Poi un corso di aggiornamento per insegnanti di matematica con il
prof. Pea e l’entusiasmo per la matematica mi è tornato: infatti
ripercorrendo la disciplina insieme a lui e osservando le tappe di
acquisizione dei concetti nei bambini, ho capito che la matematica può
diventare ad essere un gioco piacevole per i miei bambini; sì come
quelli che io facevo con mio papà.
Quest’anno sono sul
sostegno
ho
due
bambini con ritardo,
appena
arrivata
il
bambino uno non aveva
ancora acquisito in
seconda il concetto di
numero: così siamo
andati sulla nostra
scala numerata. Prima
per acquisire i numeri
poi per operarci sopra.
L’altra bambina, in terza, all’inizio
dell’anno non conosceva la
differenza tra unità e decine:
insieme abbiamo fatto tutto un
lavoro con i ceci (unità), poi
abbiamo costruito dei sacchettini
da 10 ceci (decine), quando
l’alunna ha imparato ad operarci
con sottrazione e addizioni,
abbiamo fatto i sacchettini da 100
con 10 decine.
Utilizzando i singoli ceci abbiamo
fatto anche gli schieramenti ed ha
appreso
la
moltiplicazione.
Successivamente facendo la loro
distribuzione , la divisione.
Ho inventato pure una favoletta dei nove
bambini (unità) che quando arrivano a dieci
fanno tanto chiasso che il lupo li sente e arriva
per mangiarli, ma per difendersi i piccoli si
stringono insieme e fanno una decina-fortezza
che il lupo non può espugnare, così se ne va
amareggiato.
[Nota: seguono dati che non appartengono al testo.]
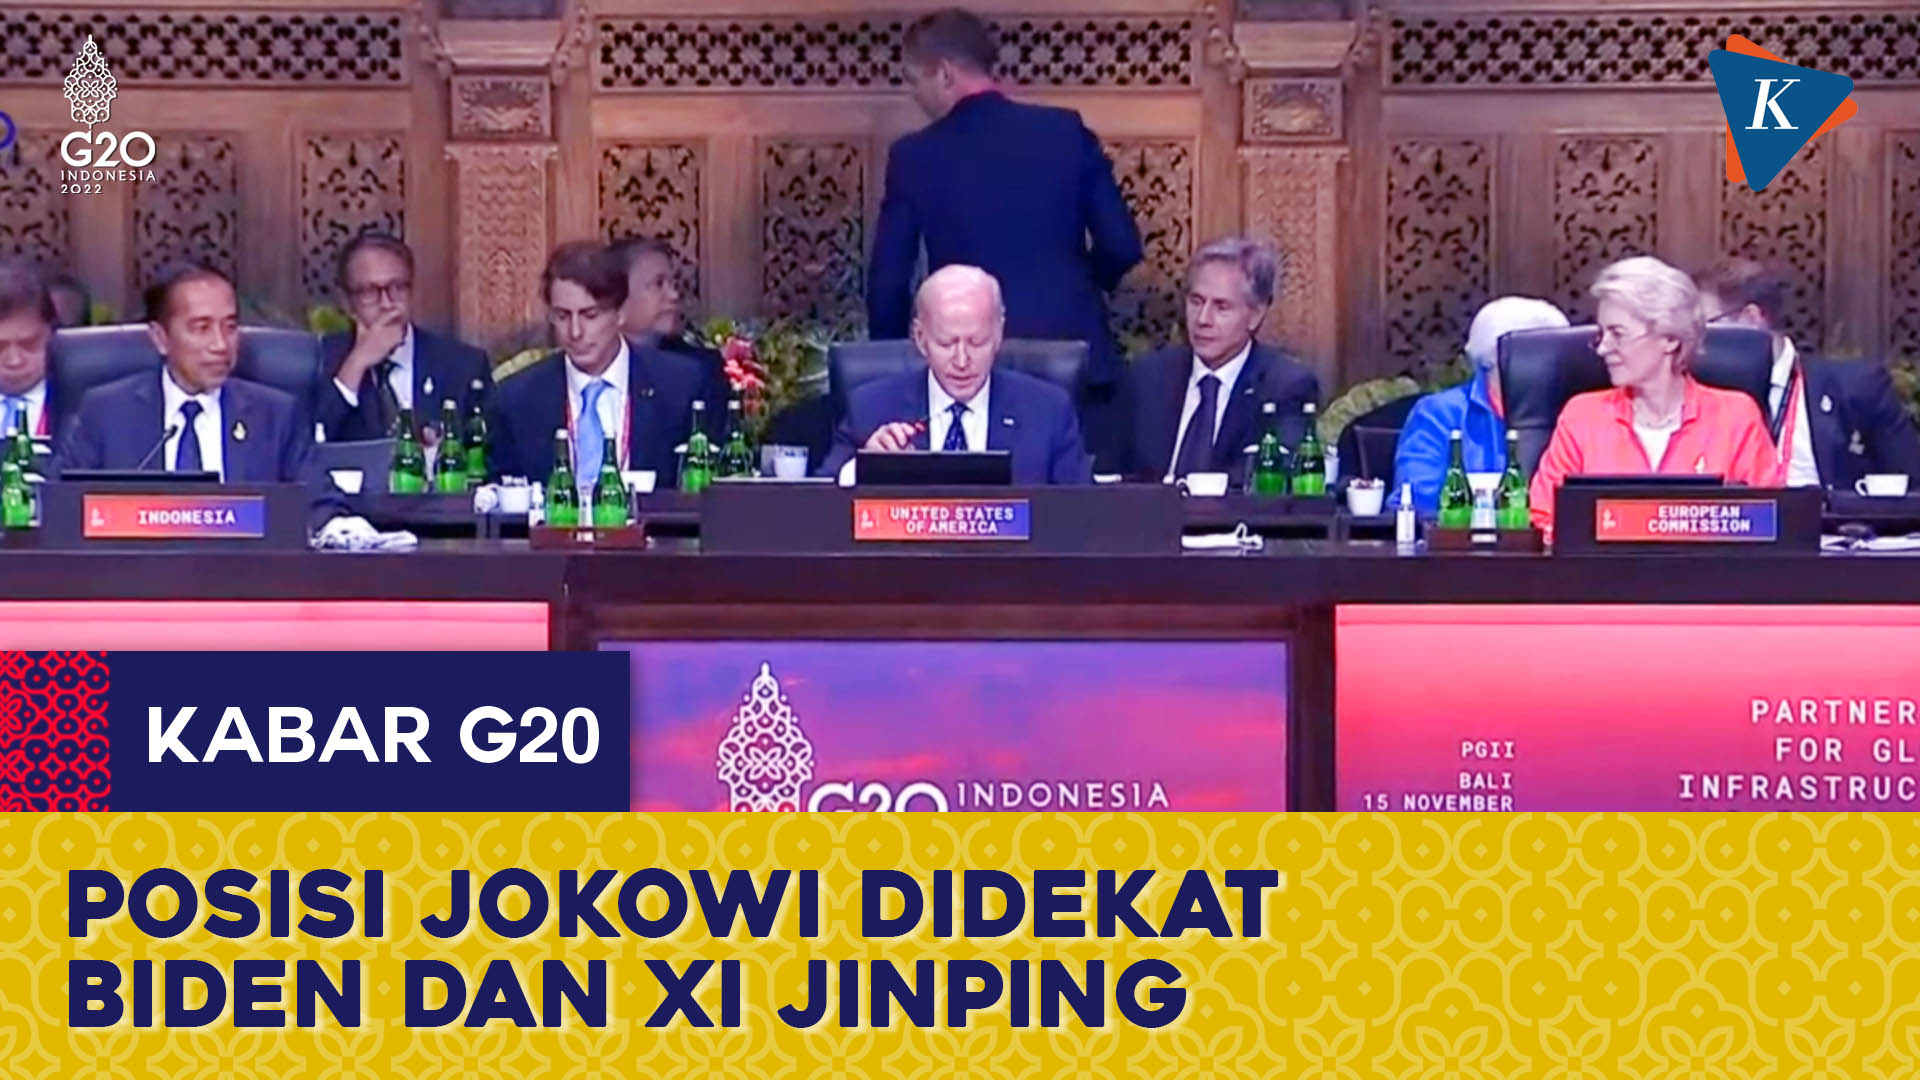 Jokowi, Biden dan Xi Jinping Duduk Berdekatan

Da allora i bambini-unità tutte le
volte che diventano dieci, hanno imparato a
diventare una fortezza- decina per giocare più
sicuri.
Questa è la mia vita: l’insegnamento e i bambini.
La matematica, la lingua, la storia, le scienze … alla fine
sono tutti modi di parlare in modo più preciso e
competente della realtà che ci circonda: un minuto
usiamo un linguaggio, il minuto dopo un altro.
Il mio fine insegnare agli alunni ad amare queste diverse
modalità di descrivere il mondo, in modo dà dar loro le
chiavi per entrare in questo complesso nostro sapere; in
modo tale che quando non sarò più con loro, possano
continuare questo processo di apprendimento da soli, e
se avrò lavorato bene li accompagnerà per tutta la vita.